A new, unofficial branding strategy for the TTC. Images from Tommy Silver’s Brand New Classroom pitch.
- Tommy Silver, a student at the Billy Blue College of Design in Sydney, Australia, put together this reimagining of the TTC’s brand, turning the classic red logo into a chunky maroon beast, which BlogTO described as “angular and sleek” (?). Partial credit.
- Speaking of the TTC, the controversy-sparking second exits at Greenwood and Donlands stations weren’t the only important thing the TTC talked about at their mid-week board meeting. Steve Munro summarizes all the other TTC developments, from subway cellphone service (Bell, Rogers, and Telus will be working together!) to an audit of TTC station cleanliness (a “cleaning blitz” is coming!).

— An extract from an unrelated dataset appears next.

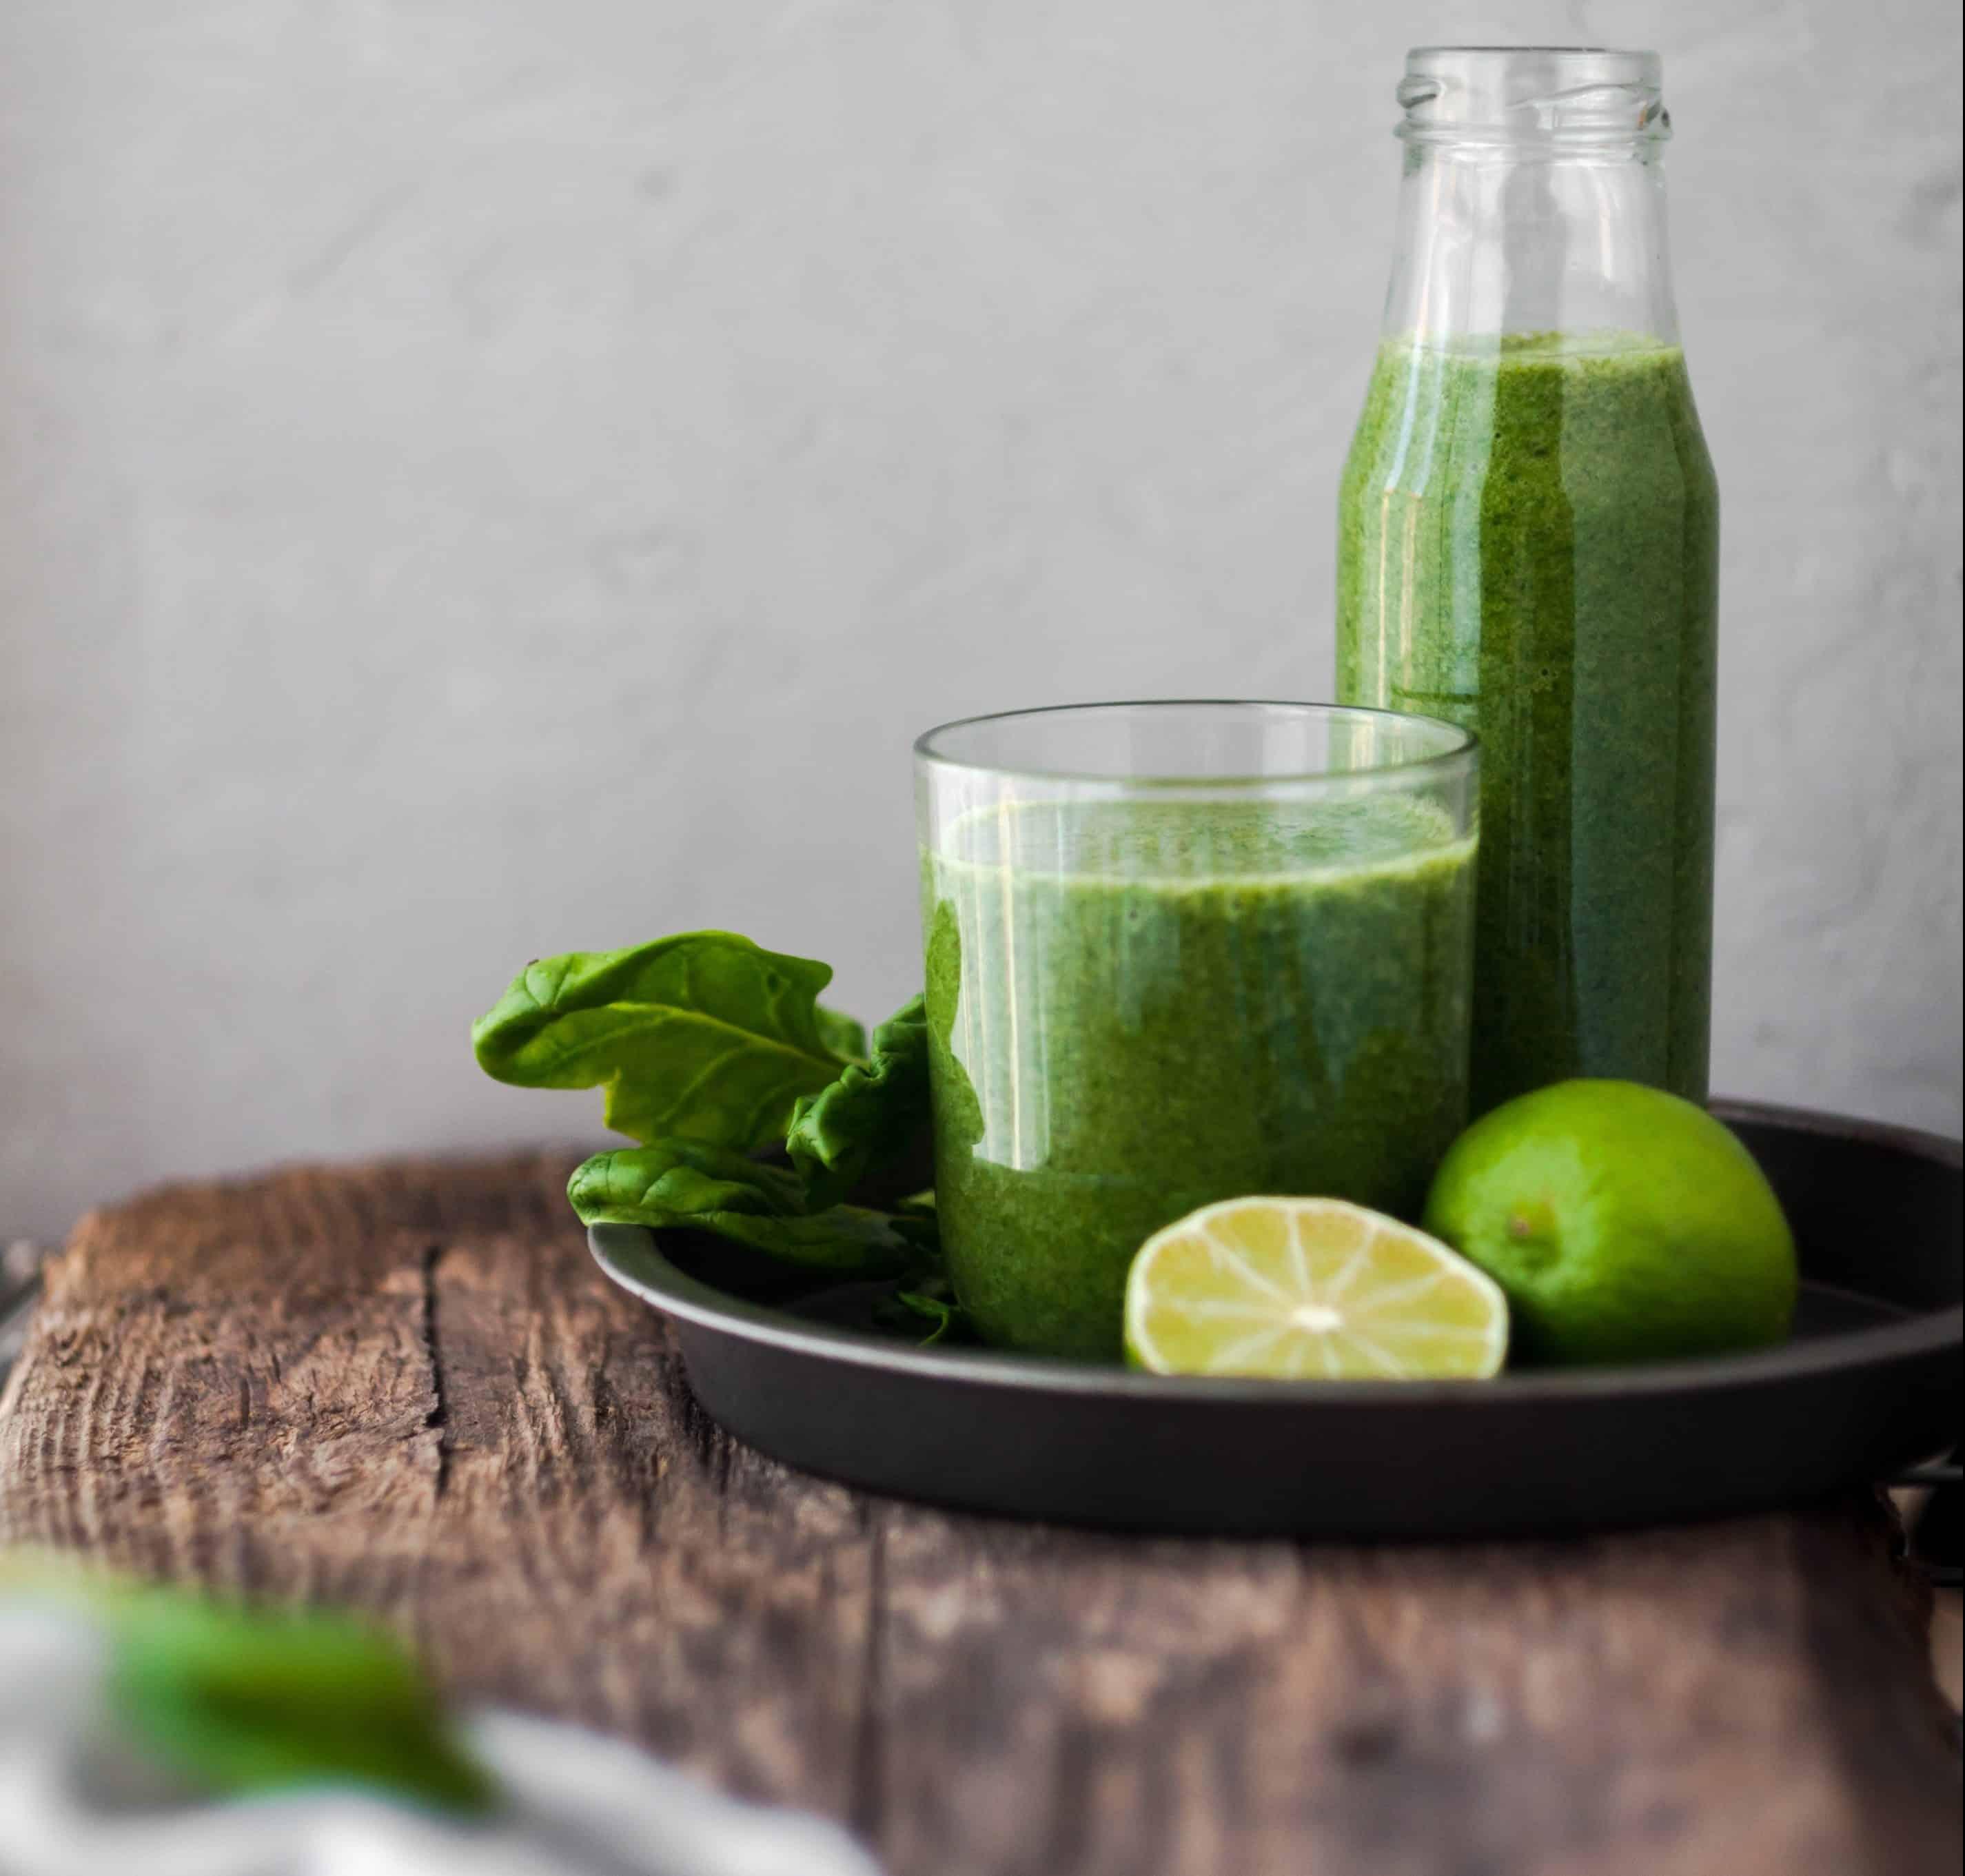 groentensappen drinken - voordelen groentesappen - girls who drink - sapkuur volgen - detox kuur - dr.veggie - cold pressed juices - vegetable juices - smoothie - groentesappen recepten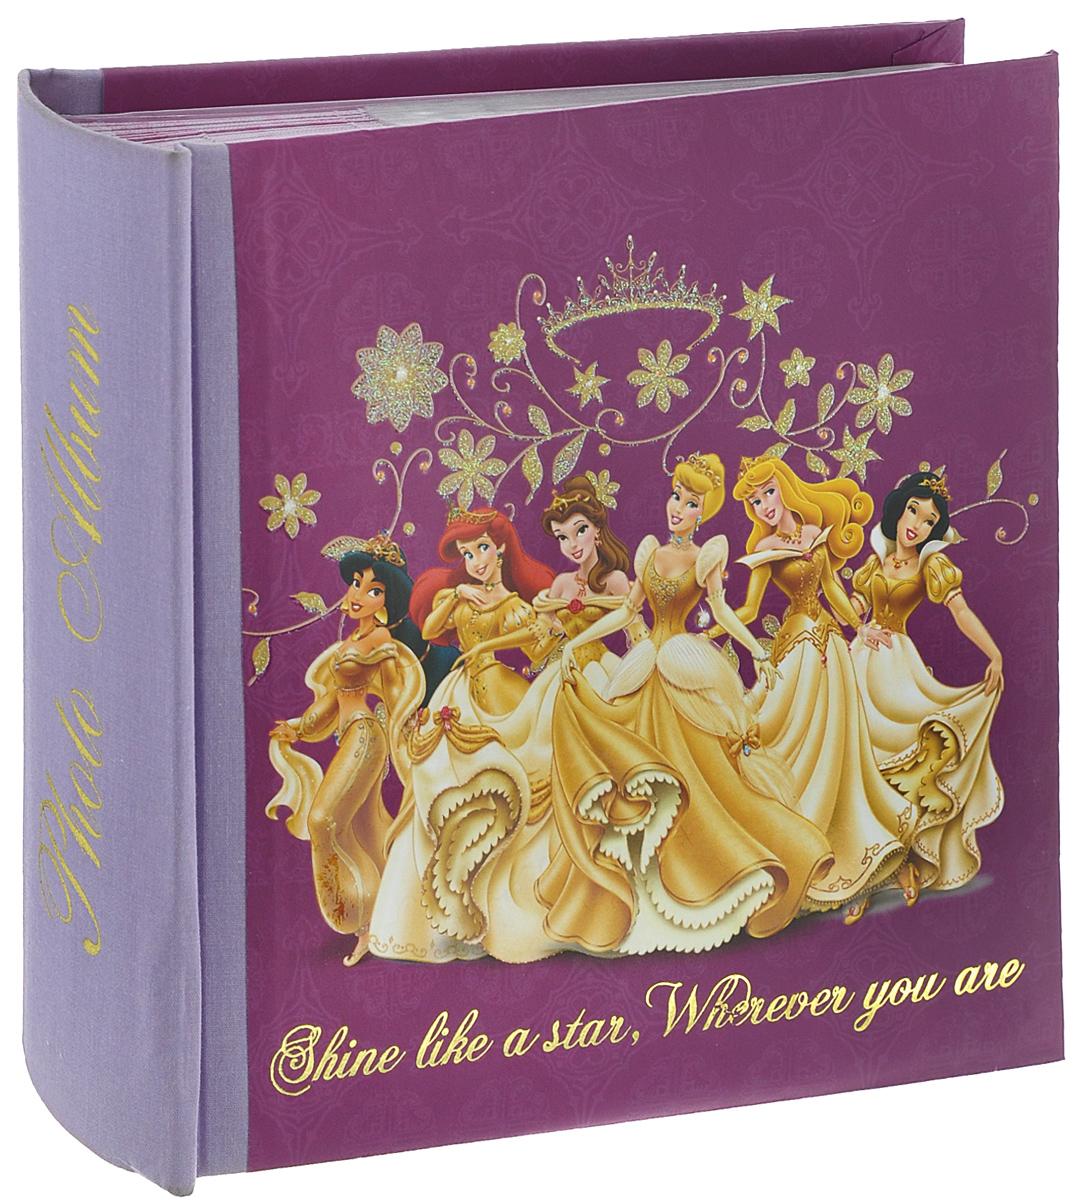 Фотоальбом Pioneer Gold Princess, 100 фотографий, 10 см х 15 смBBM46200/2/042Фотоальбом Pioneer Gold Princess поможет красиво оформить ваши фотографии. Обложка, выполненная из толстого картона, оформлена изображением героев из известных мультфильмов. Внутри содержится блок из 50 листов с фиксаторами-окошками из полипропилена. Альбом рассчитан на 100 фотографий формата 10 см х 15 см (по 1 фотографии на странице). Переплет - книжный. Нам всегда так приятно вспоминать о самых счастливых моментах жизни, запечатленных на фотографиях. Поэтому фотоальбом является универсальным подарком к любому празднику.Количество листов: 50.

- It’s not every day that a vaguely xenophobic urban legend has its origins in a Toronto Star story, but it happens.
- An update about Global National‘s use of footage from Vancouver anti-Olympics protests in a segment on Toronto anti-G20 protests, from Craig Silverman’s Columbia Journalism Review column about the G20 and the media: Silverman reports that the mistake was “completely unintentional,” and that Global National will be issuing an on-air correction on Saturday afternoon. (Yesterday’s Extra, Extra has a bit more context.)
- And do stop signs with “Hammer Time” added below them—you know, so they read “STOP / HAMMER TIME”—ever get old? This one, at Jones and Boultbee in the city’s east end, is a great example of how far a comma and a well-chosen font can go.